I worked at the Apple 5th avenue retail store until April, and there is a document that has to be signed acknowledging that you could lose all your data. That said, it's usually framed as a "this probably won't happen, but just in case"


Back before Best Buy had the "Geeksquad", we had the exact same type of form. And we framed it the same way, actually had to almost underplay that bad things could happen.


It's Geek Squad, and why do you put it in quotes? That's the name of the company they acquired in 2004(?)


Since I quit I haven't really paid much attention to Best Buy to be honest so I didn't know the proper spelling.


I'd tell them to piss of if they asked that. It's their job to fix it without losing your data.


"I figured that a “Genius” would quickly figure out whether it still had iOS 4, and if so, would just update it to iOS 5 or 6 and then set up iCloud backup."

Wait but "Updating to iOS 5 will delete all of the apps and media... To preserve your content, apply this update on the computer where you sync apps, music, videos, and photos." [1]

[1] http://cache.gawkerassets.com/assets/images/lifehacker/2011/...


Yes, Marco's figuring was wrong (or at least incomplete).

However, doesn't his expectation sound reasonable (especially for the "it just works" company)? And isn't the mismatch between expectations and reality one of his points?


His expectation sounds reasonable but part of that is he's not an objective third party -- he's presumably writing to emphasize the reasonableness.

We really don't know what happened between when his 87 year old grandfather walked into the Apple store and when he walked out with a restored machine. I can think of a lot of ways this ends up "just not working". Maybe grandpa used the word "restore" at some point not aware of it's specific meaning, heads were nodded and miscommunication happened.

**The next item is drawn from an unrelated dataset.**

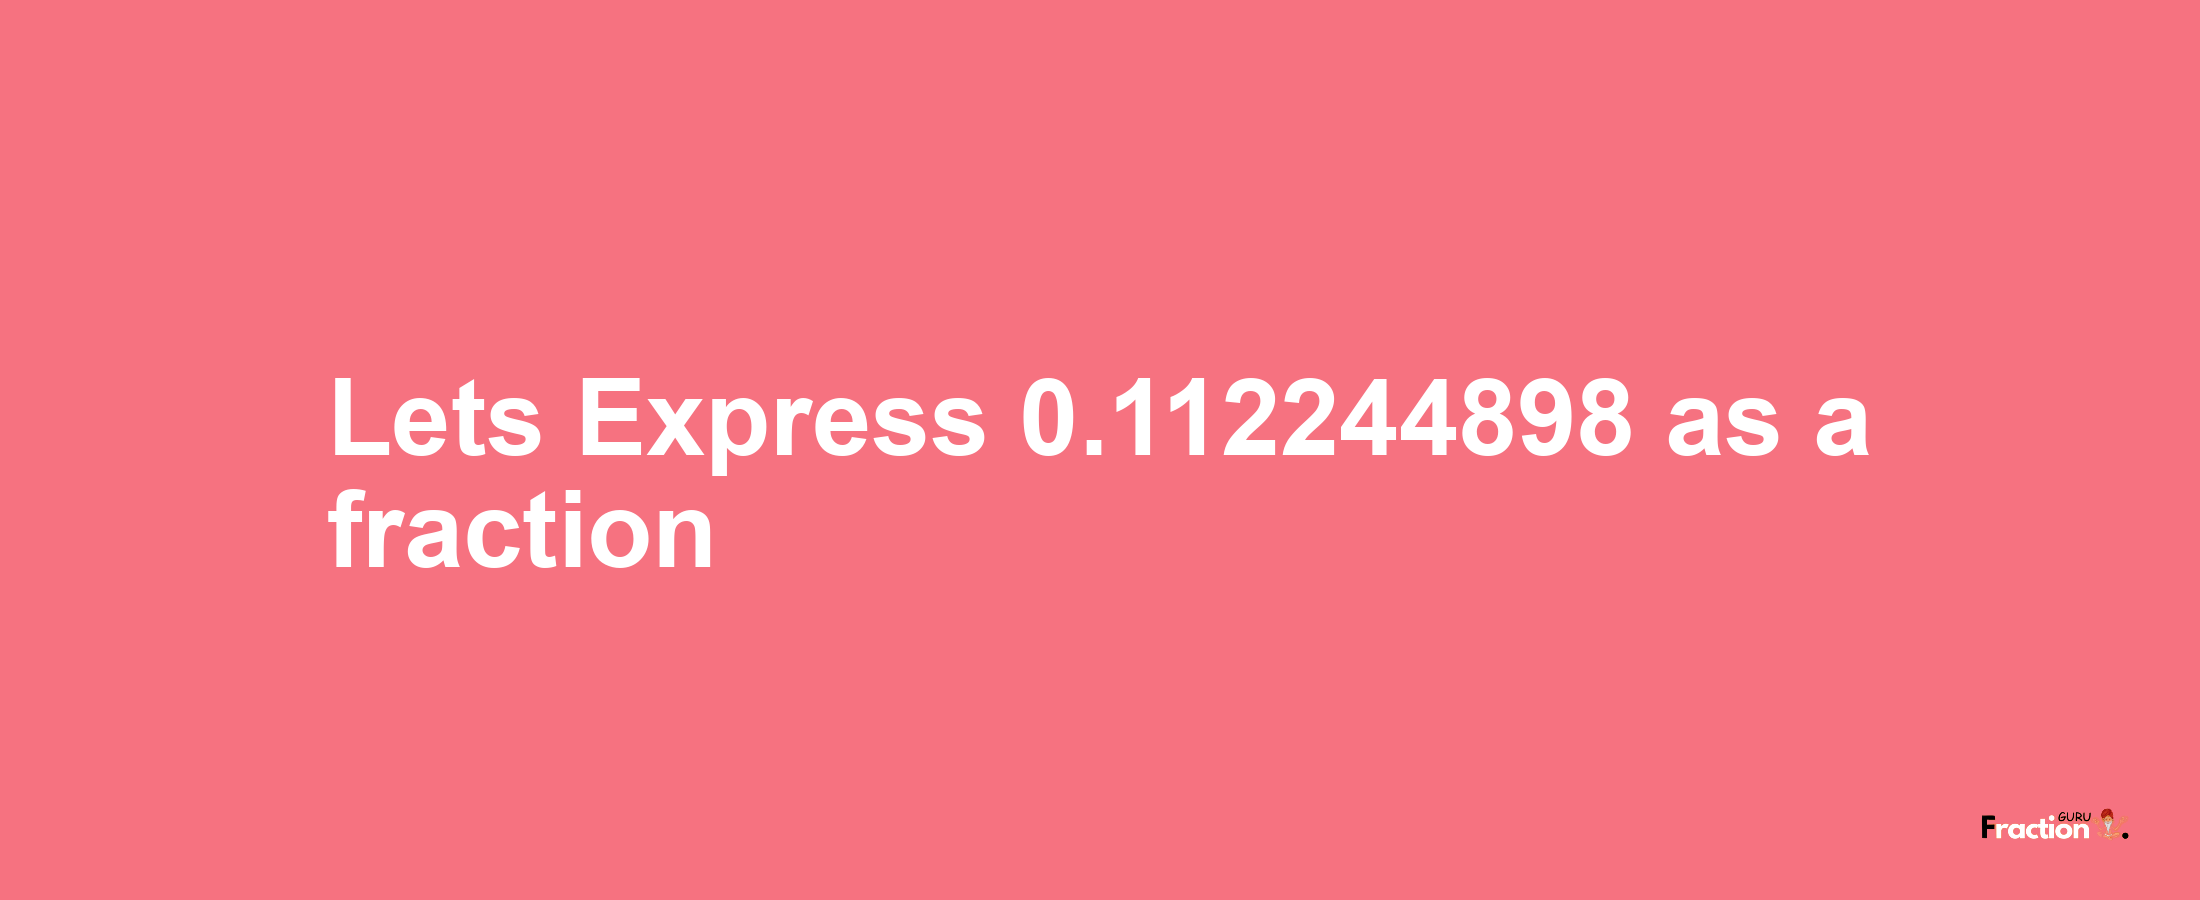 Lets Express 0.112244898 as afraction

Wife and I were planning to get her mother a tablet to video chat with before she passed unexpectedly a year ago. Had we done so and had we been in a similar situation I doubt I would have sent her to the Apple store with only the words "icloud backup" scrawled on a piece of paper. I mean it's total speculation but I think I would have had an email explaining exactly what to do or told her to wait until we were there to handle it.


Macro comments that his grandparents don't want/shouldn't have to spend time dicking around with apple IDs. No one should have to. It's awful. Email, music sharing, itunes match, App Store, iMessage, FaceTime, iCloud, notes, and likely others. Getting an iOS device or mac to have fully functioning services usually takes me weeks to achieve (oh, that email account isn't arriving for some reason) as random things that worked just seem to stop working when peculiarities of personal account functionality are encountered. Why on earth the initial setup can't have an initial chance to enter apple I'd one, then a list of services to turn on. And if for some reason a password reset has to happen it's just terrible trying to get all the devices in the house working again (don't lose Apple TV remote...) is hours of work, and is so bad the password changes are a killer. Please Apple, save us, I'm more than 50 years younger and I don't want this either.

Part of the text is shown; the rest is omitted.